Hyperallergic
SUPERFLUOUS MEN CAN’T GET NO SATISFACTION

Written by: John Yau

Peter Stichbury is a portrait painter whose work is unlike anyone else that I know of, and I am only stating the obvious. In “Skin-deep: Peter Stichbury and The Art of Appearances” (Art & Australia, September 2011), Justin Paton writes:

Hung alongside Zuckerberg’s fizzog were faces of nearly oppressive flawlessness. There was a chiseled Donald Draper type called ‘Roma’, a waif-model named ‘Bregje Heinen’ and a riveting youth called ‘Bernard M.’. They all have hair like sable, clear veinless eyes and skin that doesn’t sweat. As you might have guessed from those details, Stichbury is an awed admirer of the portraits of Jean-Auguste-Dominique Ingres (“halfway through making a show his book always makes its way onto my table to mock me,” Stichbury told me recently, and he sets down his new characters with extraordinary patience and technical cunning.
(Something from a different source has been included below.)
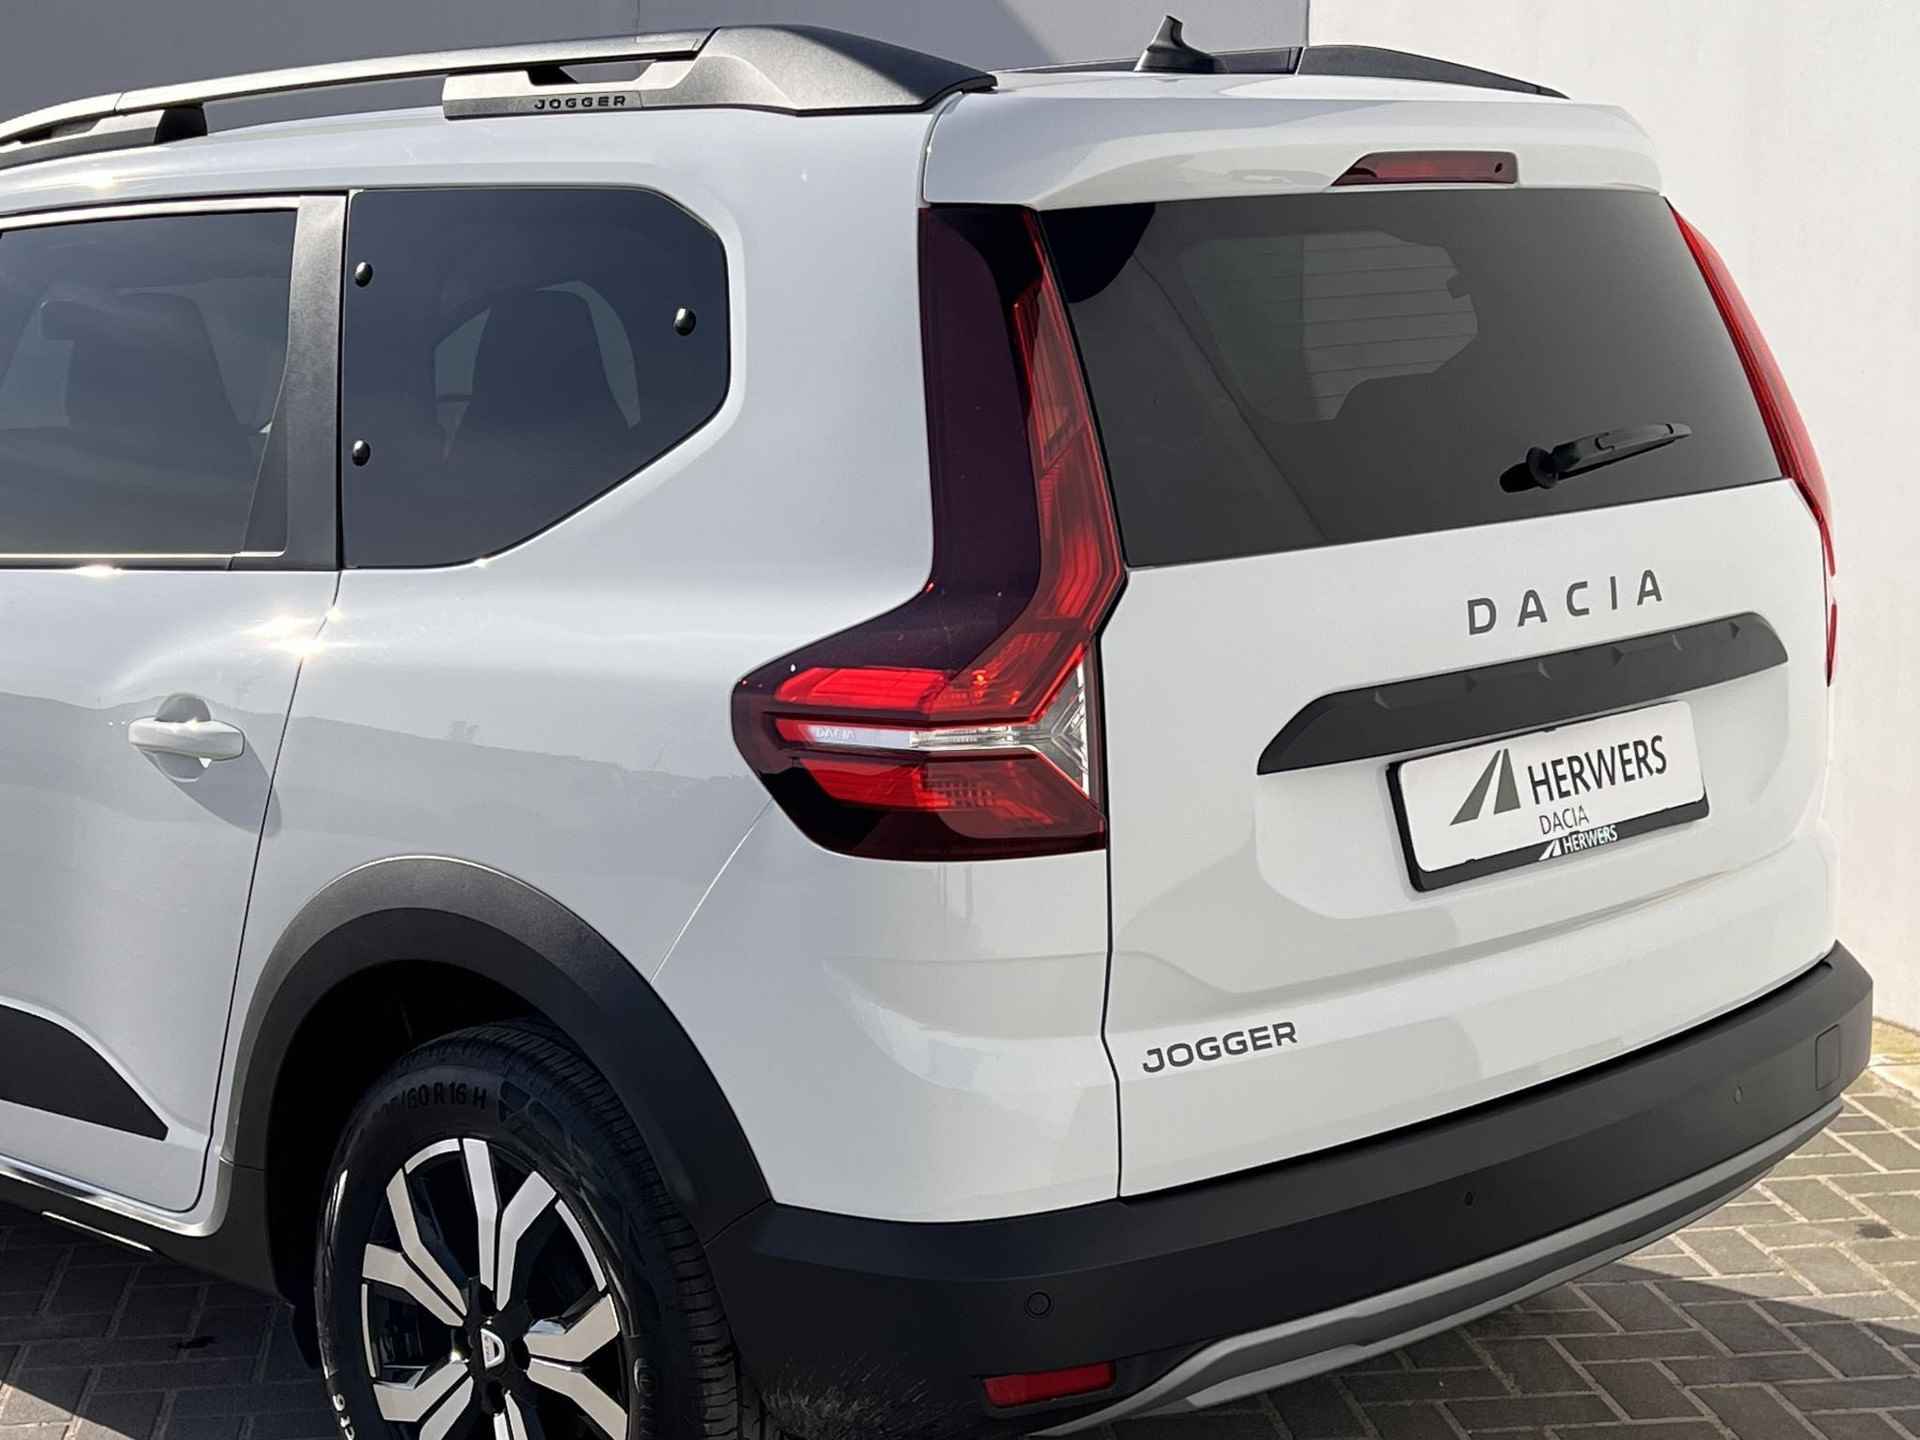 Dacia Jogger 1.0 TCe 110 Extreme 7p. / Zeven persoons / Navigatie via Apple Carplay of Android Auto / Stoelverwarming / - 49/49

However much Stichbury is an “awed admirer “ of Ingres, he does part company with him in substantial ways. In his essay “The Painter of Modern Life,” Charles Baudelaire’s complaint about Ingres seems to have been implicitly understood by Stichbury:

The great failing of M. Ingres, in particular, is that he seeks to impose upon every type of sitter a more or less complete, by which I mean a more or less despotic, form of perfection, borrowed from the repository of classical ideas.

For all of their “nearly oppressive flawlessness,” Stichbury’s paintings and drawings do not look back to “the repository of classical ideas,” but to a world replete with cosmetic surgery, Photoshop, Facebook, Twitter and reality television, just to name a few of the ways society exhibits new and improved faces. Along with Ingres, I would advance that Stichbury belongs to a group of linear portrait painters that includes Christian Schad, Tamara de Lempicka, and early Lucien Freud, particularly “Girl in Bed” (1952), which is of his then wife, Lady Caroline Blackwood, who was known for astonishingly large blue eyes.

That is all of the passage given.